━━━━━ Input for this task

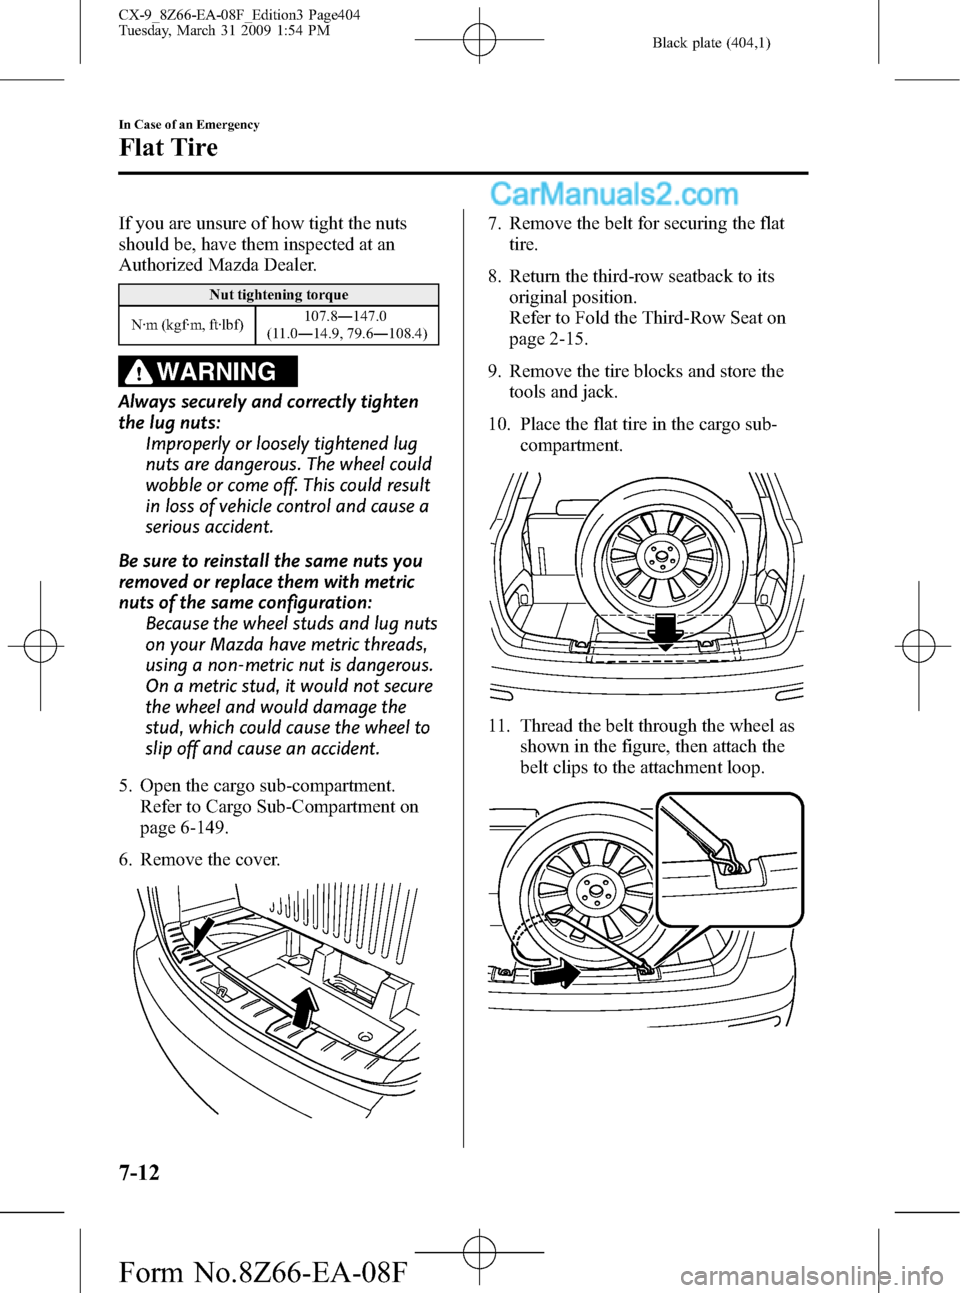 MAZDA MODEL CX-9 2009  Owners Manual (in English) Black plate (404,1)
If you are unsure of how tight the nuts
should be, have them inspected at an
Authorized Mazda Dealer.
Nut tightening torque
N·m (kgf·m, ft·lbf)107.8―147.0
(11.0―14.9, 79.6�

━━━━━━━━━━

■ **Work required**
The output is the records exactly as they read, with no pictures in it.

■ **Output below**
 MAZDA MODEL CX-9 2009  Owners Manual (in English) Black plate (404,1)
If you are unsure of how tight the nuts
should be, have them inspected at an
Authorized Mazda Dealer.
Nut tightening torque
N·m (kgf·m, ft·lbf)107.8―147.0
(11.0―14.9, 79.6�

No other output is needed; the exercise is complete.